Manny Garcia | Zillow

“More and more people understand that the key to stopping runaway housing costs is to build more homes,” Zillow Senior Population Scientist Manny Garcia said on Thursday. “There is majority support among renters and homeowners, higher and lower wage earners, suburban and urban households, who all say we need more housing and support it in their neighborhoods.”

In the property portal’s survey of 14,000 U.S. adults, 82 percent supported at least one type of additional housing in their neighborhood including new accessory dwelling units (ADUs), duplexes, triplexes and apartment buildings.

Renters (89 percent) and urbanites (89 percent) were more likely than homeowners (78 percent) and suburbanites (78 percent) to support densification efforts. Income had little impact, with respondents making up to $50,000 annually and respondents making up to $100,000 annually supporting upzoning efforts nearly equally at 83 percent and 82 percent, respectively.

“Close to two-thirds of respondents to Zillow’s most recent survey are concerned about the cost of housing in their neighborhood,” Garcia said of the respondents’ overwhelming support of densification.

Zillow Research

ADUs garnered the most support with 84 percent of respondents welcoming this kind of development in their city. Small (<10 units) condominium complexes (76 percent) and duplexes and triplexes (78 percent) also received overwhelming support.

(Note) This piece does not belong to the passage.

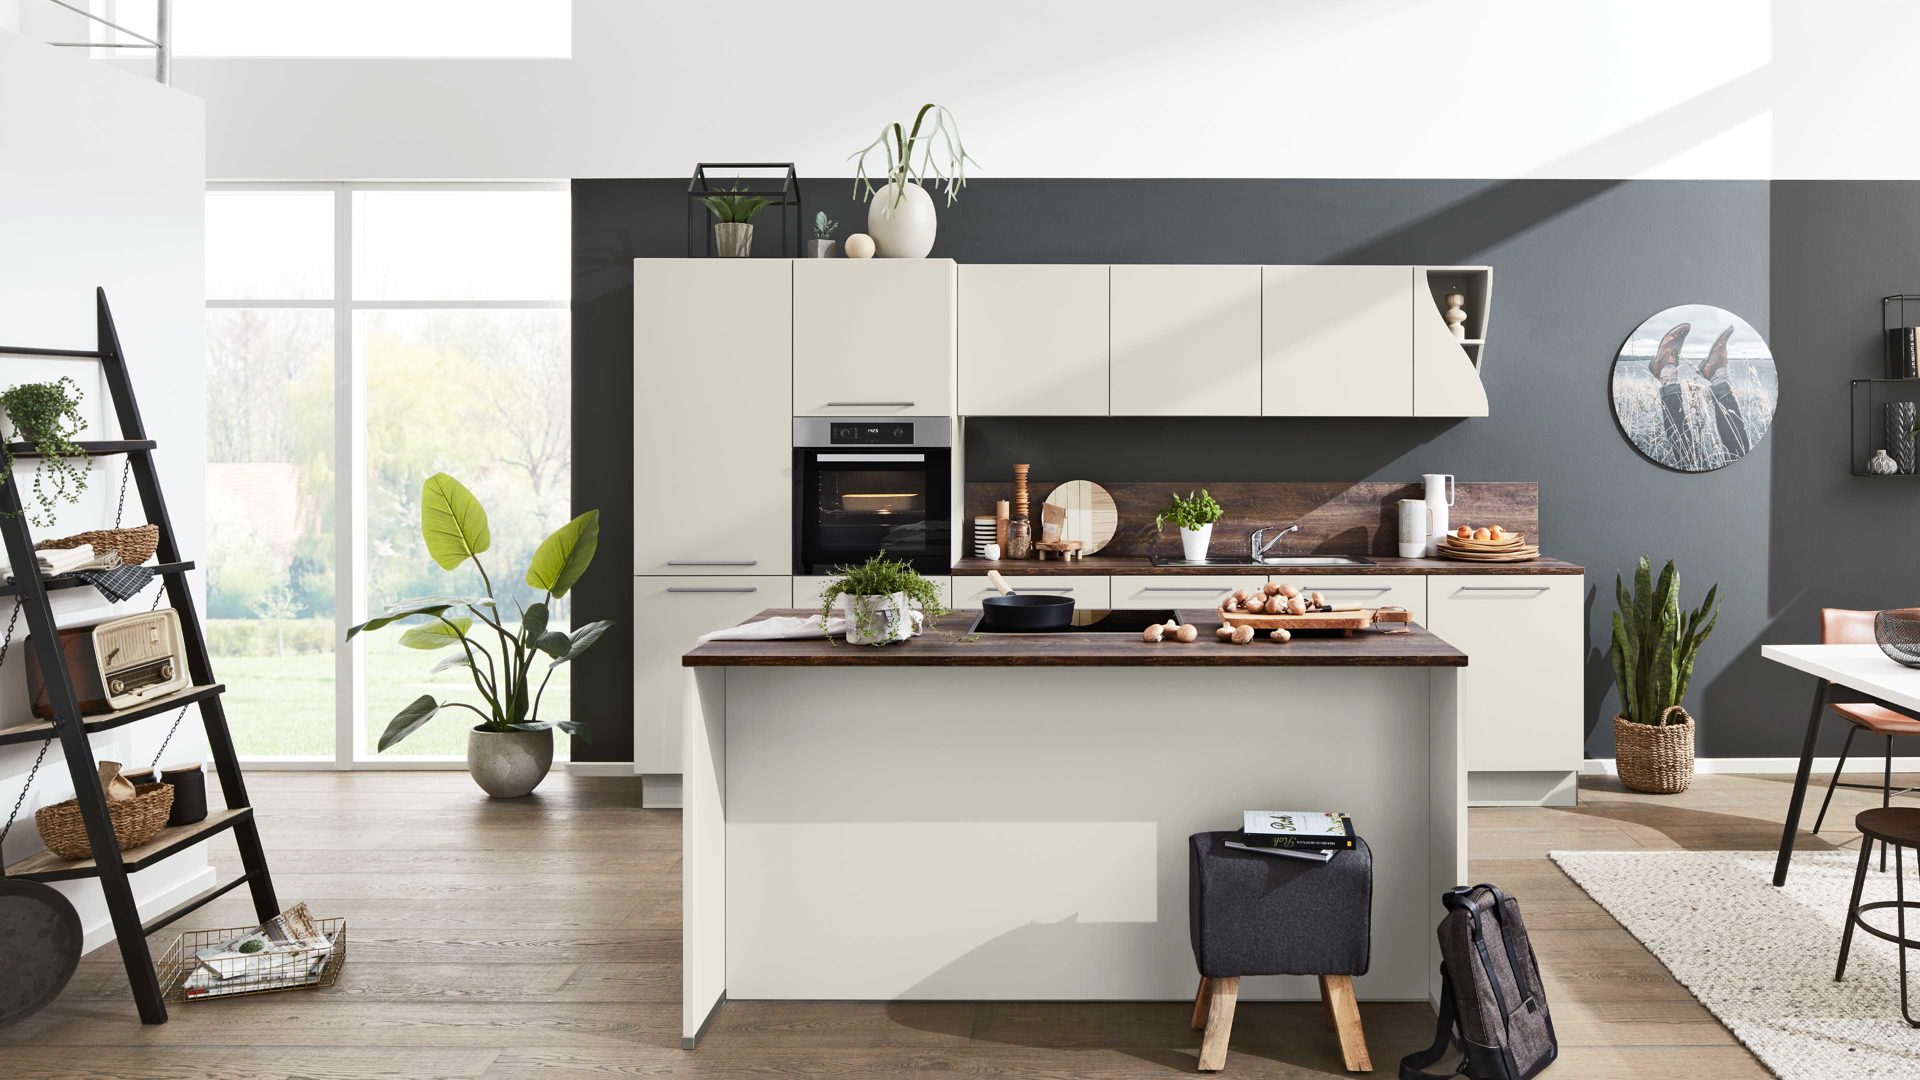 Einbauküche Interliving aus Holz in Grau Interliving Küche Serie 3028 mit MIELE-Einbaugeräten Platingrau & Barrique Eiche - zweizeilig

Support for larger building projects was strong but still lagged behind lower-density options. Seventy-four percent of respondents supported fourplexes and fiveplexes (74 percent) and medium condominium and apartment complexes (10-49 units). Large complexes (>50 units) received the least amount of support at 73 percent.

“Allowing ADUs, duplexes and triplexes in zones previously limited to single-family houses is often referred to as ‘modest densification,’ creating ‘missing middle’ housing types that fall between single-family homes and large multifamily apartment buildings,” the report explains. “Relaxing zoning rules to allow more housing supply is the best way to address the nation’s ongoing housing affordability crisis, according to an independent panel of economists and housing experts.”

Garcia said the recent boom in support for upzoning — another term for modest densification — is related to skyrocketing housing costs. Since 2020, the typical monthly mortgage has doubled and the typical monthly rent has increased by 25 percent.

This trend may give new life to upzoning efforts in California, Nebraska and Virginia that stalled in the early days of the coronavirus pandemic. Of the upzoning efforts that made national headlines, lawmakers in Minneapolis and Oregon were the only ones to successfully reform decades-old zoning laws.

Zillow’s survey found widespread support for upzoning across all regions — providing a new window of opportunity for lawmakers who previously failed to change zoning laws.

“A large majority of respondents in these markets believe local governments should do more to address housing affordability, and most vote in local elections, but their opinions are mixed on adding larger buildings in their neighborhoods to address the crisis,” Garcia said. “For policymakers and residents in these markets, finding consensus on the best path forward is a new challenge.”